* **INFORMATION SUPPLIED**:
== Segment start ==

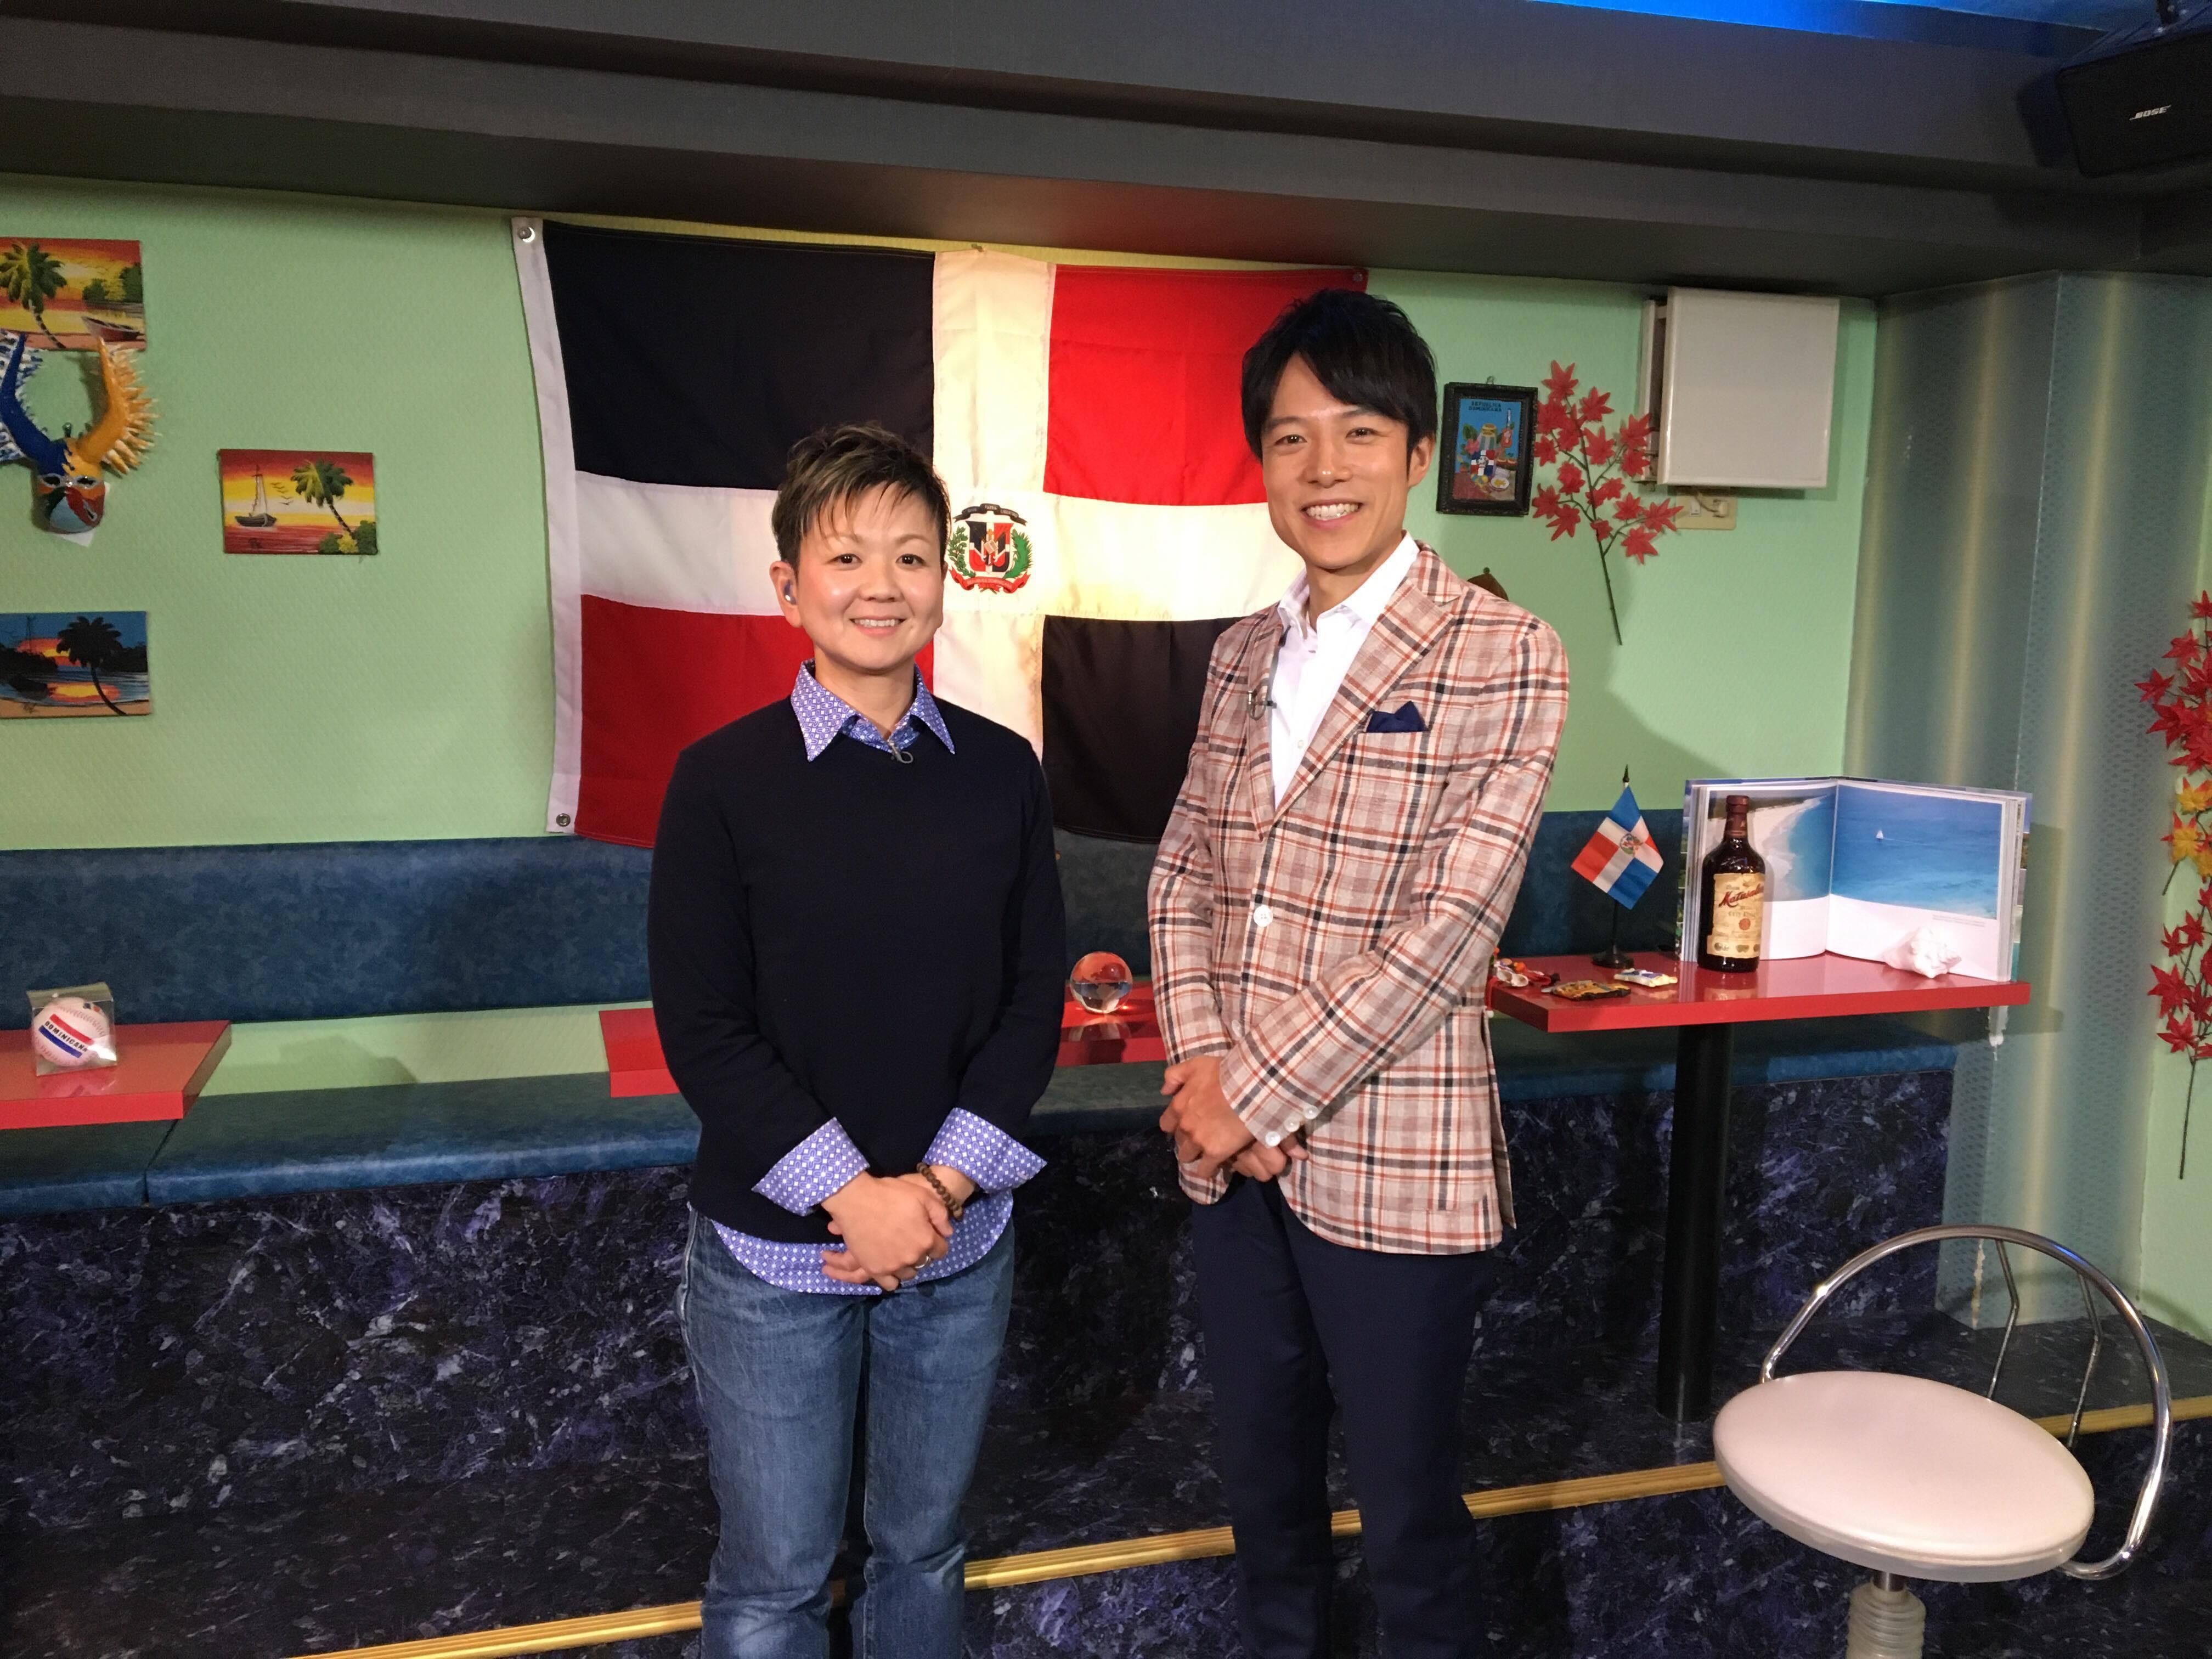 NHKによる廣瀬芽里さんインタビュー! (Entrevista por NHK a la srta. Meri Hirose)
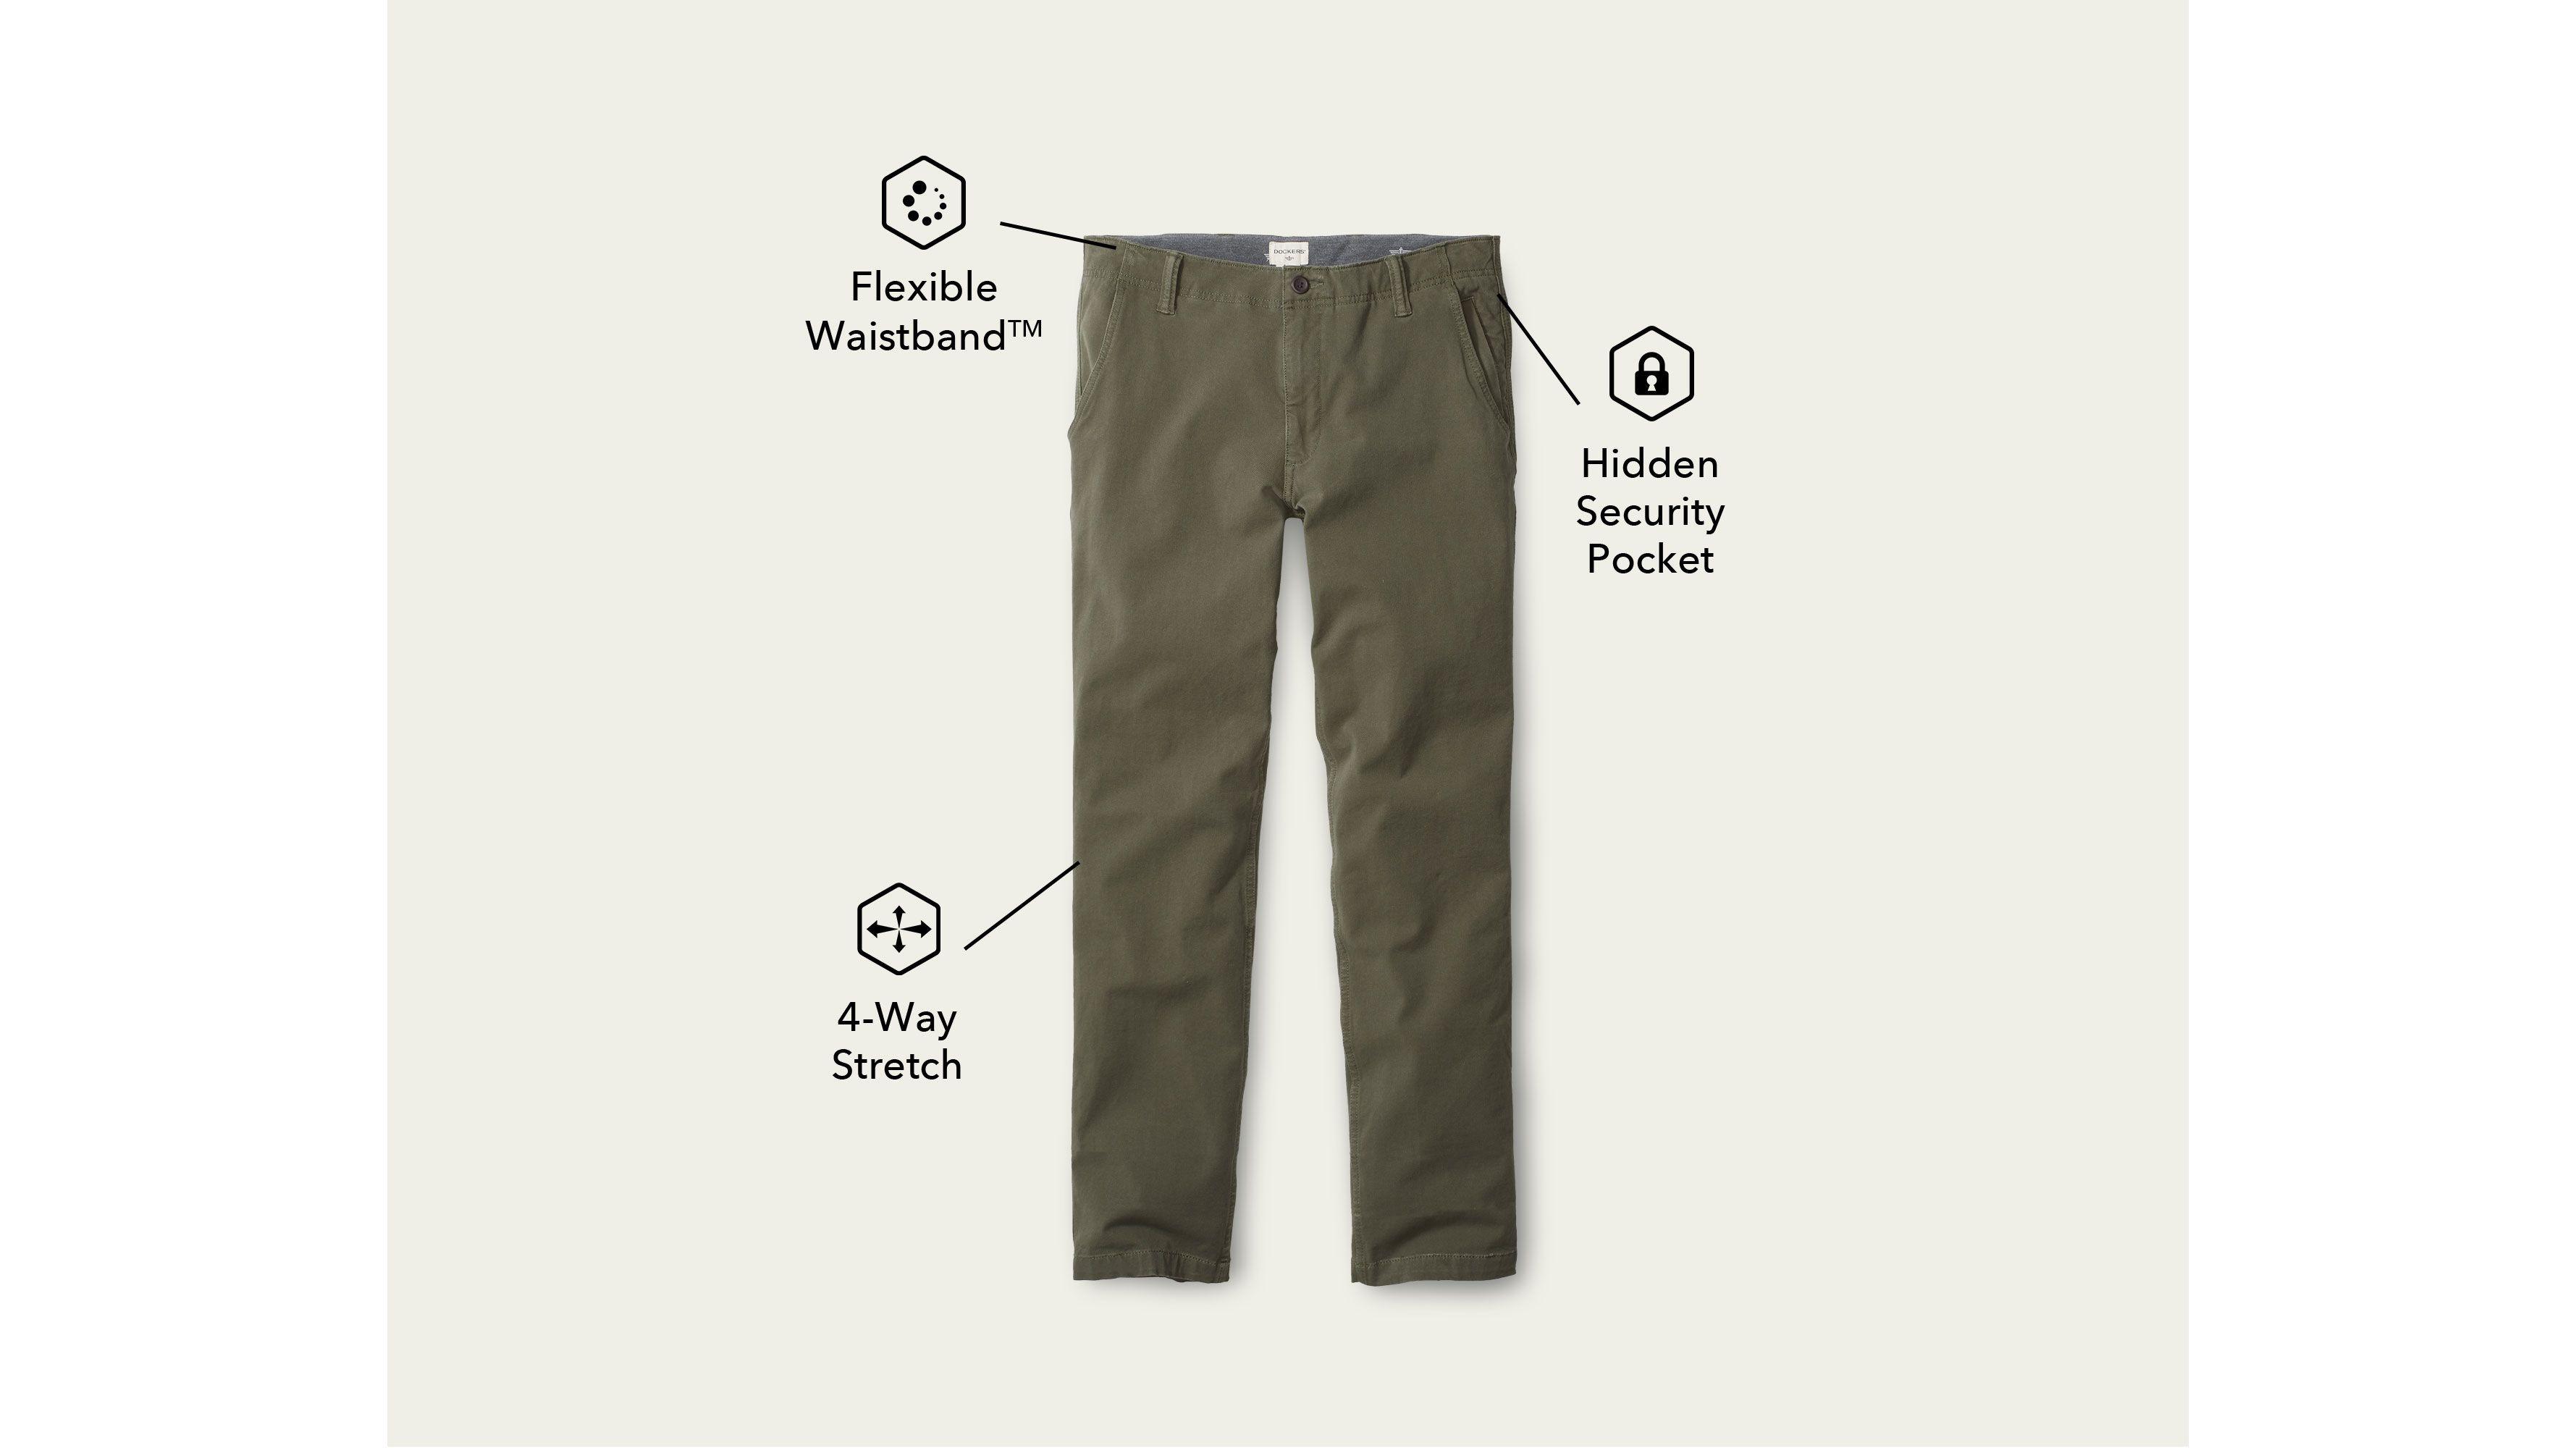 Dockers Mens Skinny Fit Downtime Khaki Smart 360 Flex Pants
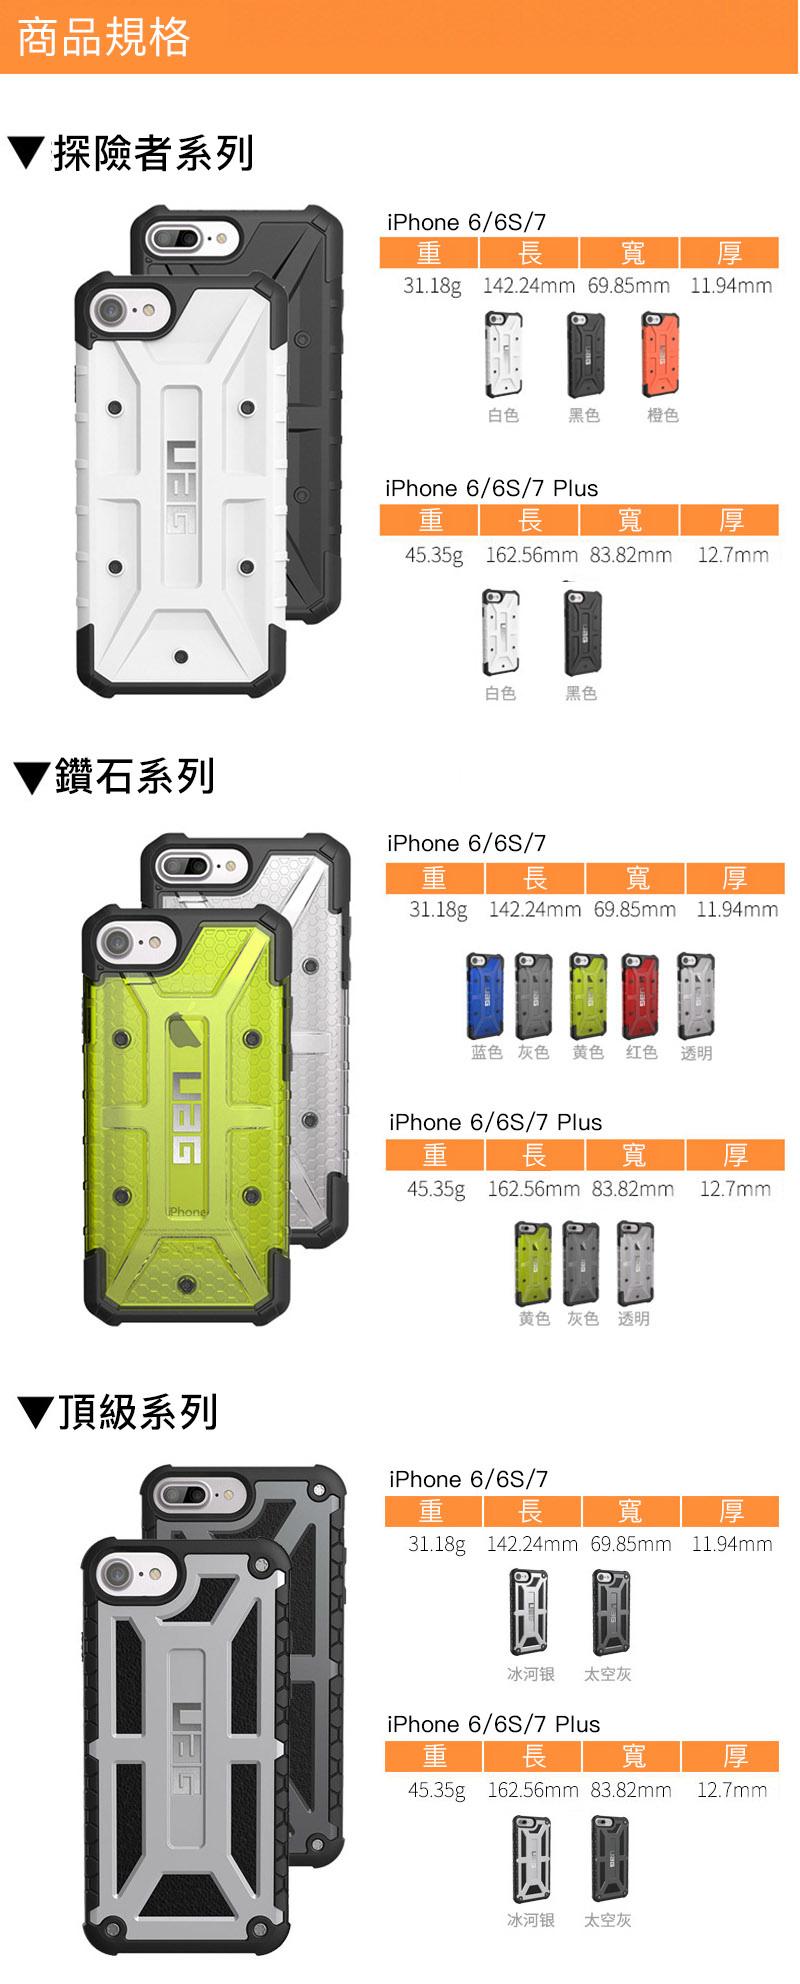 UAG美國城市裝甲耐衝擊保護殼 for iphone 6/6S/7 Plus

== Segment end ==

Restate word for word only the lines from the one with "Dockers Mens Skinny" through the last line of the material, both included. Any picture should be left out.

* **TASK RESULT**:
 Dockers Mens Skinny Fit Downtime Khaki Smart 360 Flex Pants
 UAG美國城市裝甲耐衝擊保護殼 for iphone 6/6S/7 Plus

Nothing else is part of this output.